Prepared statements vs. democracy
COLUMBIA, Mo 03/07/15 (Beat Byte) -- Second Ward Columbia City Council candidate Paul Love made one of the most important Council campaign promises I've heard at yesterday's Muleskinners debate with incumbent Michael Trapp.
How many times, he asked the crowd, have you seen 20 to 30 people testify at a Council meeting, only to have Council members recite "prepared statements" that show "their opinions were made up before the meeting"?
"You have my word that if elected, I will never have a prepared statement during a Council vote," Love said. Though Councilman Trapp was calm, measured, and intellectual, Love took the lead, starting with his opening remarks.
Ironically, Trapp read from a prepared statement while Love spoke without notes.
"I didn't want to run for City Council," he explained. "But Mike Trapp was in favor of Blight/EEZ and I wasn't and 200-300 people in my neighborhood didn't like it either. It was the same thing for the way Mike handled the 911 Center, which is very expensive for taxpayers. I decided it was time to put up or shut up."
Trapp decided to run for re-election because "I believe I've done the right thing by voters," he said. He gave plenty of specifics, including his support for Blight/EEZ despite widespread public opposition.
"I thought the business incentives were worth it," he said, citing Beyond Meat's decision to open a Columbia office. Though Blight/EEZ failed to become city law, "Had I taken a strong ideological position against it, we wouldn't have had those jobs," Trapp explained.
On crime, "I would rather my police officers deal with the shootings up the street from my house than run sting operations on Uber drivers," Love said. "They need to get their priorities straight."
"I do wish the hours we spent on getting Uber to comply with city law were spent on other enforcement," Trapp agreed. He cited his own crime-fighting record with "Ban the Box," a proposal he shepherded as leader of the Mayor's Community Violence Task Force.
On repairing and replacing Columbia's notoriously-poor infrastructure, "A good first start is to pass the stormwater fee increase," Trapp said.
But Love thought the time for "first starts" was long over. "If a Council person is going to let crap back up onto their constituents, what good are they?" Love asked, referring to basement sewer backups, which he said "never seem to get any better".
He proposed spending more money on infrastructure and less money on parks and other amenities, before asking voters for any rate or tax hikes. "What good are all our wonderful parks if the roads to get to them are crumbling on top of crumbling sewers?" Love asked.
On developers paying their fair share of infrastructure costs, Trapp said he supported raising development fees, but more modestly than a recently-defeated ballot proposition would have required.
Developers in existing parts of the city should not pay higher fees than anyone else, Love explained. But developers who use the political process to get boondocks land annexed to qualify for city services should pay higher fees.
"I want to hold our developers accountable for providing exceptional infrastructure if they want to attach their communities to our city," Love said.

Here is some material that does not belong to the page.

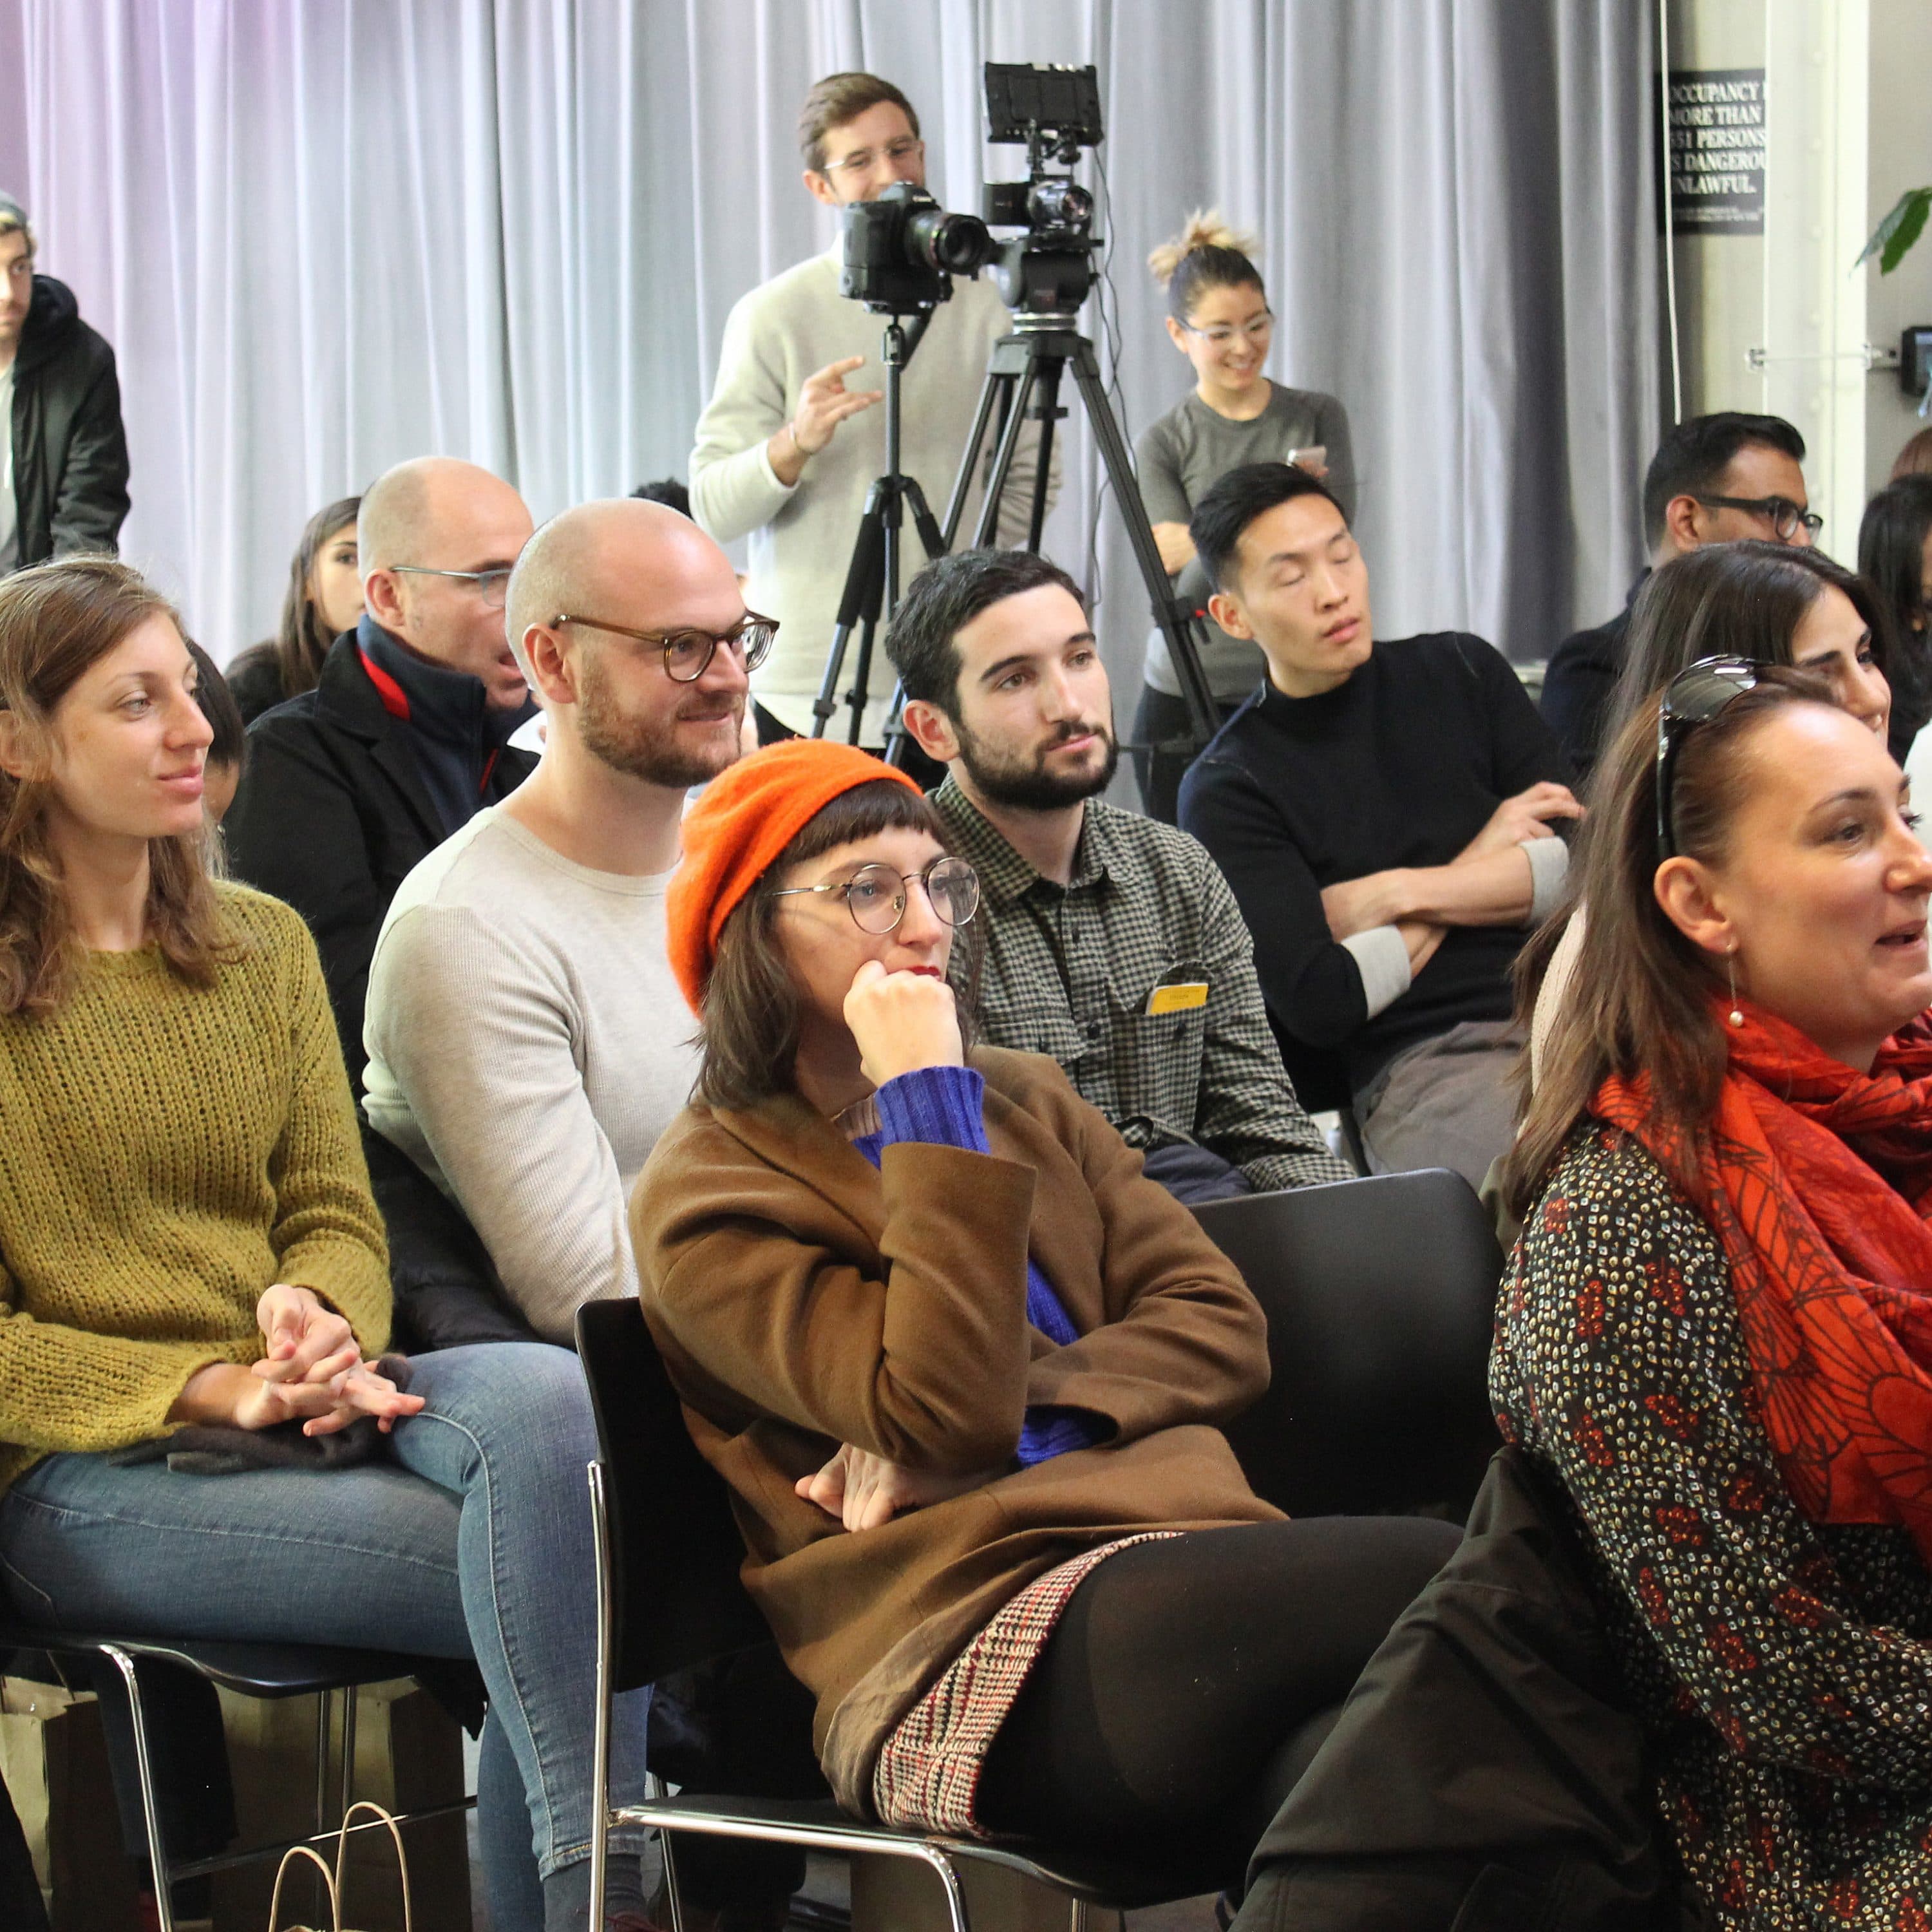 A diverse group of people are seated and attentively watching something out of frame in a well-lit room. Some are smiling or deep in thought. There is a person with a camera on a tripod in the background and a large plant to the right. The atmosphere appears casual and engaged.

Driven by the St. Charles Road Development Gang's Somerset Village subdivision, the Battle High annexation "was a real surprise to the city," Love explained. "We don't have money for the infrastructure out there."
On business tax breaks and other incentives, "I think inviting businesses into town is a good idea," Love said. But businesses accepting the invitation must also accept free market capitalism, he added.
"The city has no place providing 'shovel-ready' land" or other taxpayer handouts to blunt free market forces, he said. "We don't get anything from that."
Basics like good infrastructure are the best incentives of all. "If we have poor roads and failing sewers, no businesses will want to come here," Love explained.
The candidates concluded much as they began, Trapp reading an eloquent prepared statement; Love speaking his mind.
"I know I've been caught in a twelve-and-half-minute rambling monologue," Trapp said to chuckles. "But I've maintained my sensitivity to the struggles of working people to engage in the public process."
"If you like your current Councilman, you can keep him," Love quipped. "But you have a clear choice. I want to leave behind a city that is better for the people who come after me, and I'd like to ask for your vote."
"I agreed with Paul a lot more than I thought I would," Trapp said.